Autoresearch for reinforcement learning. Give it any RL environment, go to sleep, wake up to an optimized PPO algorithm.

BipedalWalker training progress

MuJoCo transfer results

Give an AI agent a RL training setup and let it experiment autonomously overnight. It modifies train.py, runs a 12 minute rollout, checks if avg_return improved, keeps or reverts, and repeats. You program the research direction in program.md. Inspired by @karpathy's autoresearch, adapted for reinforcement learning.

How it works

Three files matter:

  • evaluate.py — fixed constants (TIME_BUDGET=720s, ENV_ID, NUM_EVAL_EPISODES=100), environment factory, and evaluation harness. Never modified.
  • train.py — single-file PPO implementation. The agent edits this freely: architecture, hyperparameters, normalization, batch size, anything.
  • program.md — the research org spec. This is what the human edits to define the experiment protocol and point the agent in the right direction.

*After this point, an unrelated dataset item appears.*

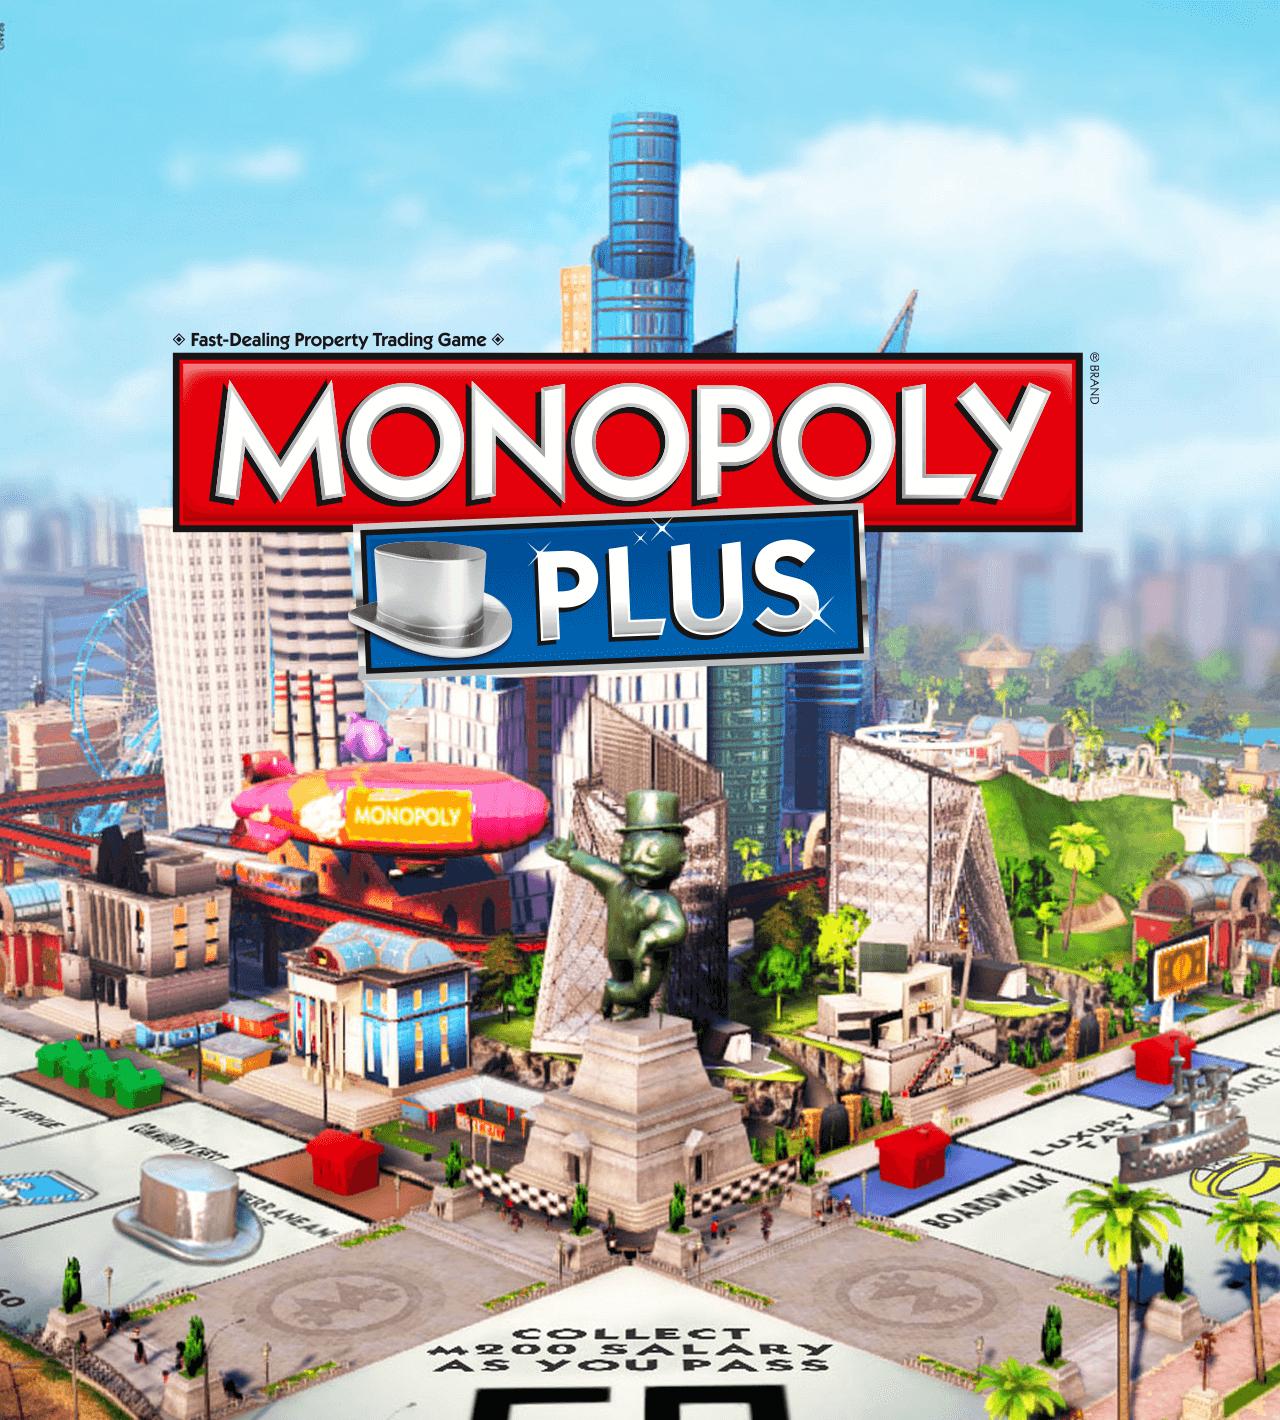 Monopoly Plus (Ubisoft Connect Key) £2.63 @ Fanatical

The agent creates a git branch, runs a baseline, then loops: edit train.py → commit → train 12 min → grep avg_return → keep or revert. Results are logged to a results.tsv on the branch. Originally built for BipedalWalker-v3 (Box2D), the optimized algorithm transfers strongly to MuJoCo environments (Hopper-v5, Walker2d-v5, HalfCheetah-v5, Ant-v5).

Quick start

Requirements: Python 3.10+, uv, swig (Box2D). For MuJoCo environments, MuJoCo must also be installed.

# Install swig
brew install swig           # macOS
# sudo apt install swig     # Linux

# Install uv (if needed)
curl -LsSf https://astral.sh/uv/install.sh | sh

# Install dependencies
uv sync

# Run a single experiment (~12 min)
uv run python train.py

If this completes and prints avg_return, your setup is ready for autonomous research mode.

Running the agent

Open Claude Code (or any coding agent) in this repo and prompt:

Have a look at program.md and let's kick off a new experiment!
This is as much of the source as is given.